To deal with highly uncertain and noisy data, for example, biochemical laboratory examinations, a classifier is required to be able to classify an instance into all possible classes and each class is associated with a degree which shows how possible an instance is in that class. According to these degrees, we can discriminate the more possible classes from the less possible classes. The classifier or an expert can pick the most possible one to be the instance class. However, if their discrimination is not distinguishable, it is better that the classifier should not make any prediction, especially when there is incomplete or inadequate data. A fuzzy classifier is proposed to classify the data with noise and uncertainties. Instead of determining a single class for a given instance, fuzzy classification predicts the degree of possibility for every class. Adenomatous polyps are widely accepted to be precancerous lesions and will degenerate into cancers ultimately. Therefore, it is important to generate a predictive method that can identify the patients who have obtained polyps and remove the lesions of them. Considering the uncertainties and noise in the biochemical laboratory examination data, fuzzy classification trees, which integrate decision tree techniques and fuzzy classifications, provide the efficient way to classify the data in order to generate the model for polyp screening.

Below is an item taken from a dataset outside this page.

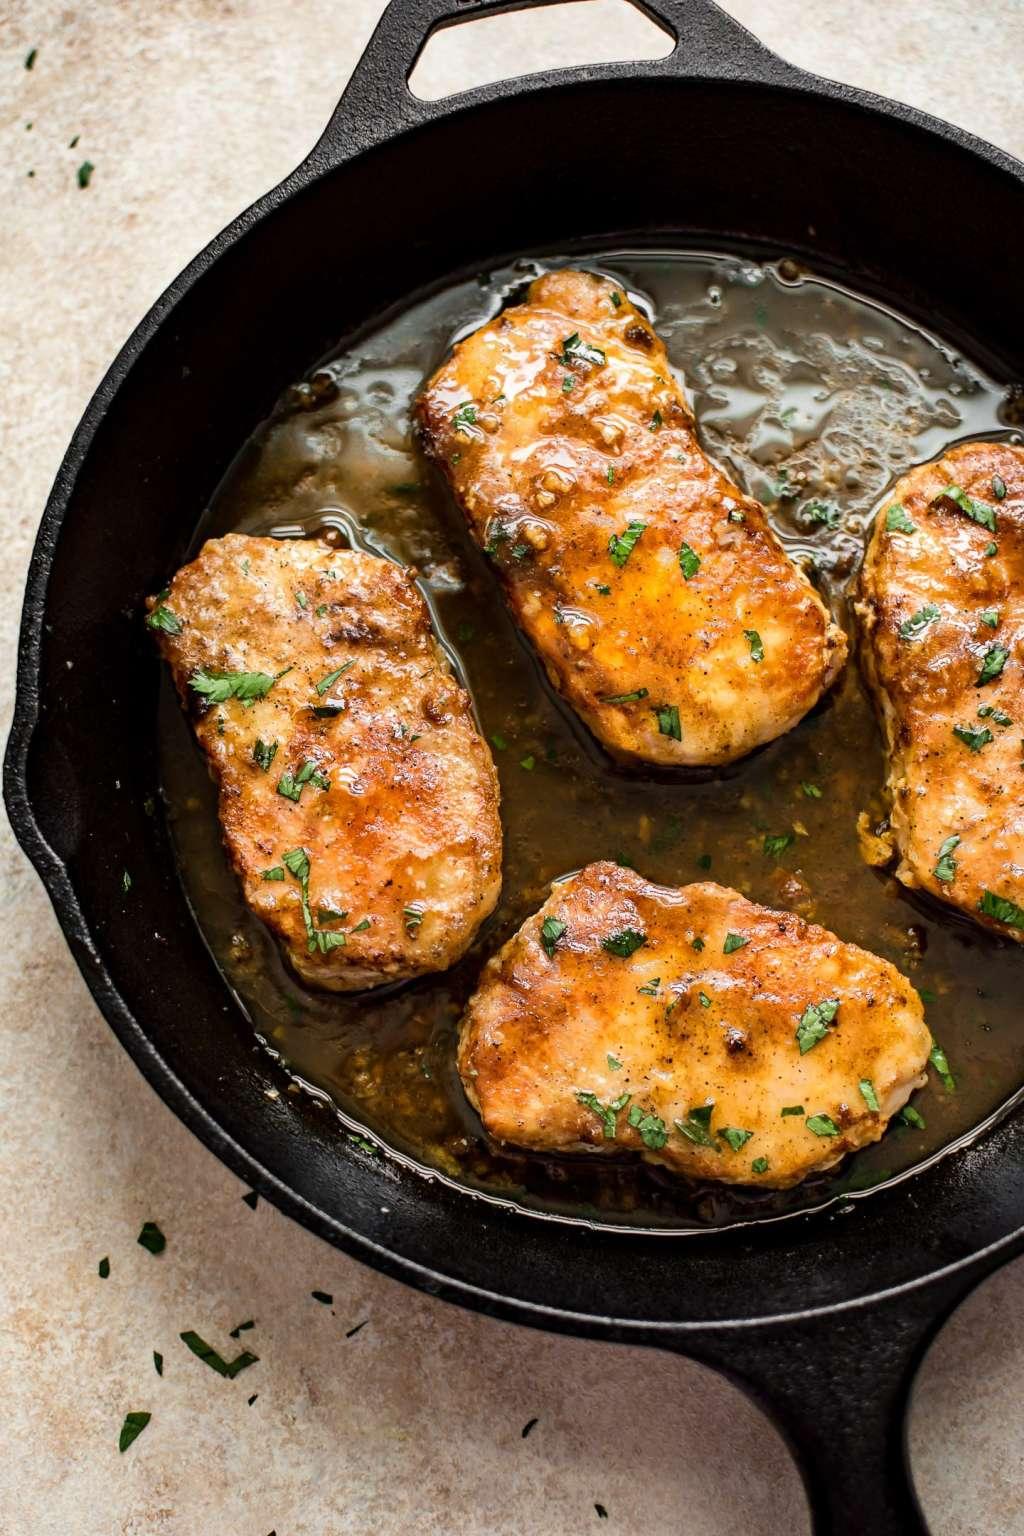 30-Minute Honey-Soy Pork Chops Are a Dinner Winner

机译:为了处理高度不确定和嘈杂的数据(例如,生化实验室检查),要求分类器能够将实例分类为所有可能的类别,并且每个类别都与一个程度相关联,以显示该实例在该类别中的可能性。根据这些程度,我们可以将更多可能的类别与更少可能的类别区分开。分类器或专家可以选择最可能的一个作为实例类。但是,如果无法区分它们,最好不要对分类器做出任何预测,尤其是在数据不完整或不充分的情况下。提出了一种模糊分类器,对具有噪声和不确定性的数据进行分类。模糊分类不是为给定实例确定单个类别,而是预测每个类别的可能性程度。腺瘤性息肉被广泛认为是癌前病变,最终会退化为癌症。因此,重要的是产生一种预测方法,该方法可以识别获得息肉的患者并去除其病变。考虑到生化实验室检查数据的不确定性和噪声,将决策树技术和模糊分类相结合的模糊分类树提供了有效的方法对数据进行分类,从而生成息肉筛查模型。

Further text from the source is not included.